XtRNA Bio, Nijmegen, Netherlands
Develop a viral gene therapy for CMT2D
XtRNA Bio is looking to develop a new viral gene therapy for Charcot-Marie-Tooth disease type 2D.
CMT2D is caused by mutations in the GARS1 gene, which encodes glycyl-tRNA synthetase — an enzyme that plays a crucial role in protein production by attaching amino acids to their corresponding carrier molecules, called tRNAs. In CMT2D, the faulty version of the GARS1 protein holds onto tRNA too tightly, preventing it from functioning properly. This disrupts protein production and stresses the cells, which has been shown to contribute to nerve degeneration and peripheral neuropathy.

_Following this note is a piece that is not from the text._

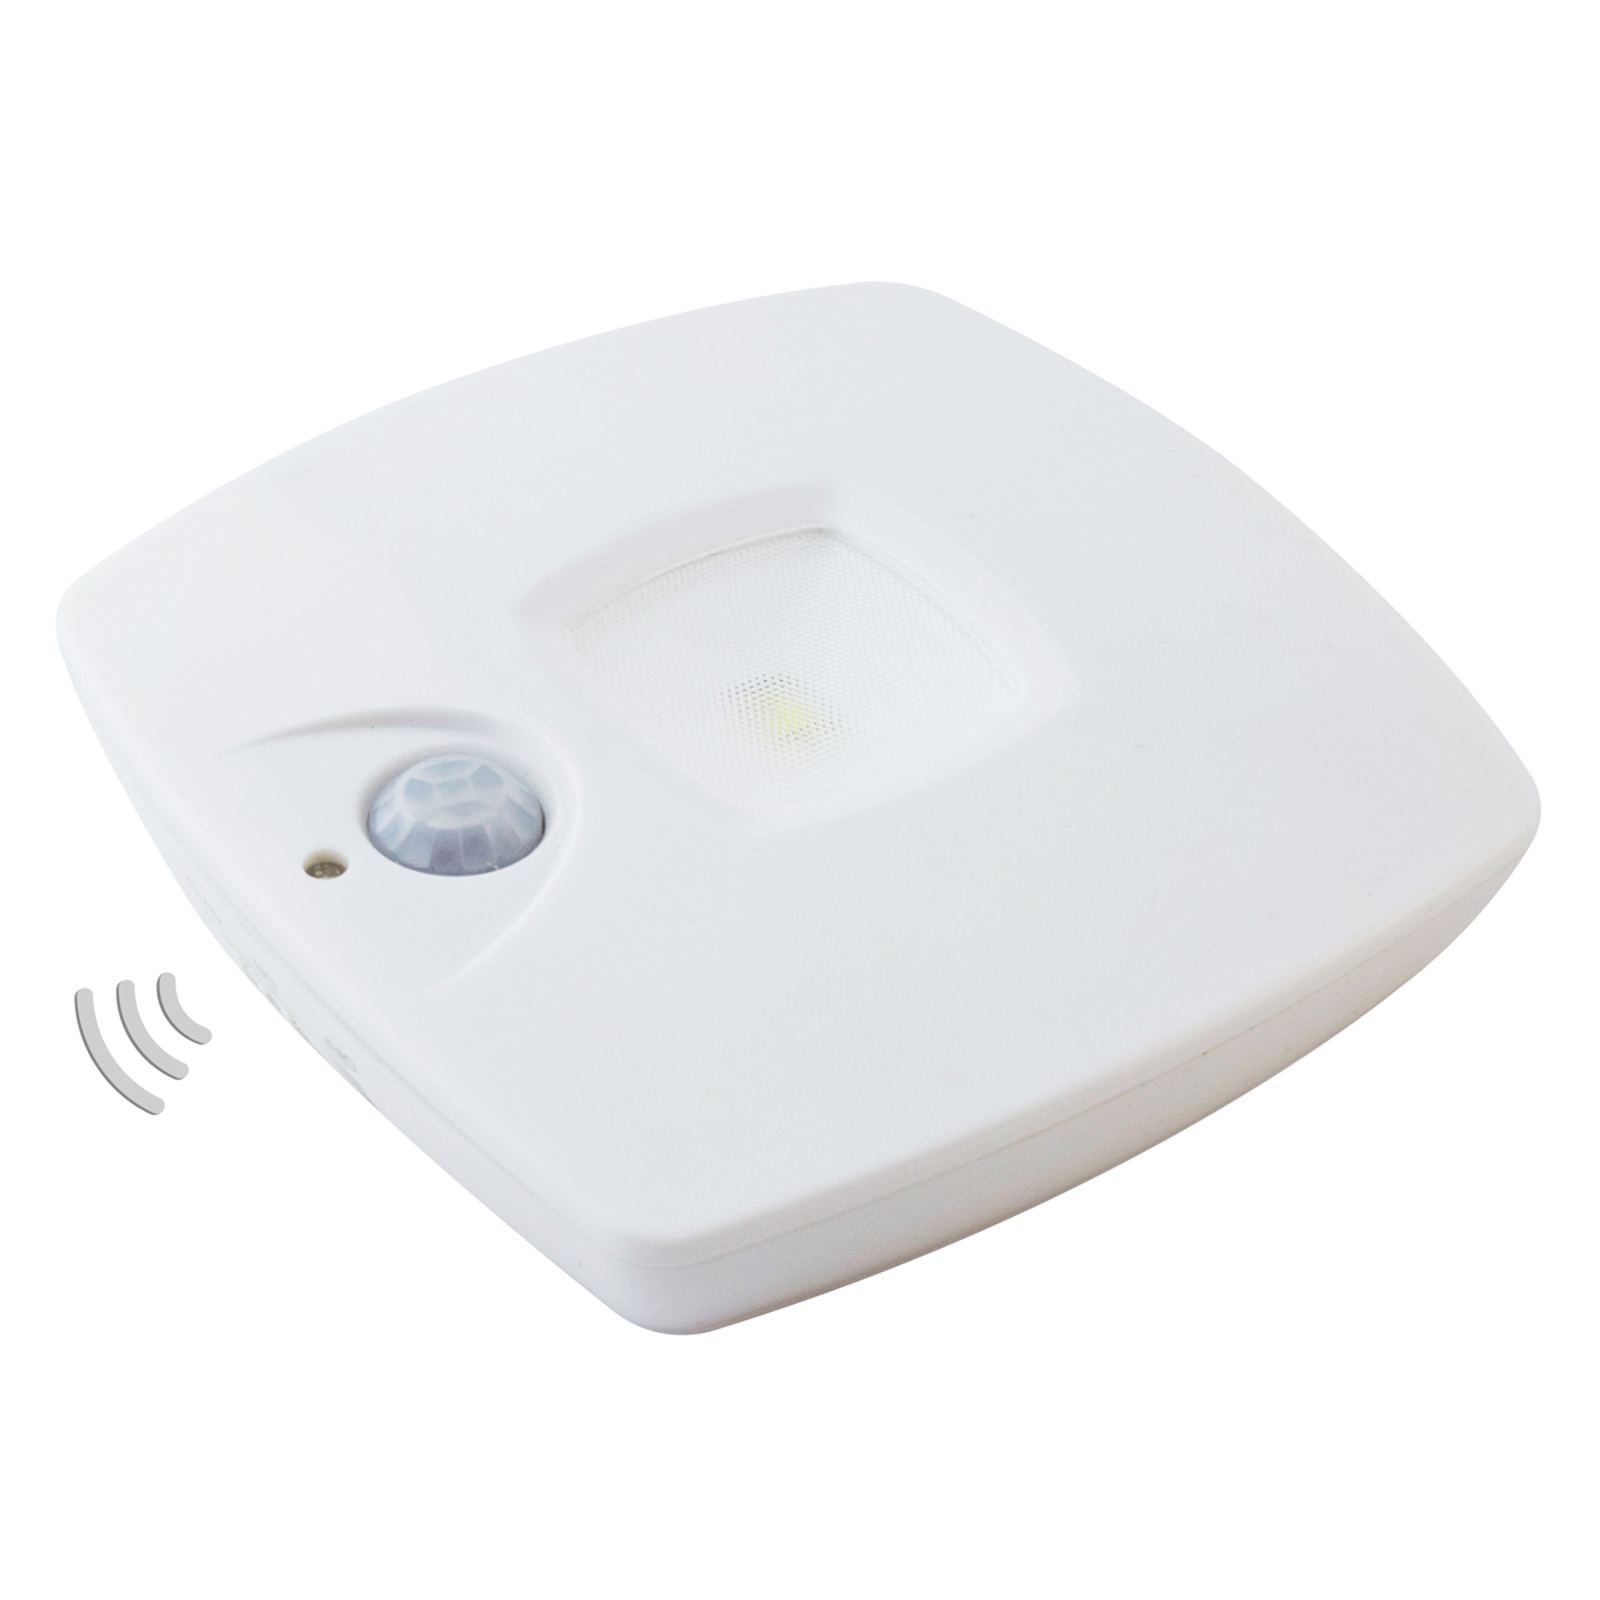 Batteriebetr. LED-Nachtlicht Nightlight Sensor

Research out of Dr. Erik Storkebaum’s lab demonstrated that increasing tRNA levels corrected disease symptoms in two different animal models of CMT2D.
XtRNA Bio will aim to identify the optimized components of the tRNA elevation gene therapy and then test the optimized therapy for its ability to correct disease phenotypes in CMT2D animal models.
The support from CMTRF allows us to rapidly advance a new genetic approach for treating CMT2D. We’re working to turn a clear disease mechanism into a first-in-class therapy that addresses the root cause.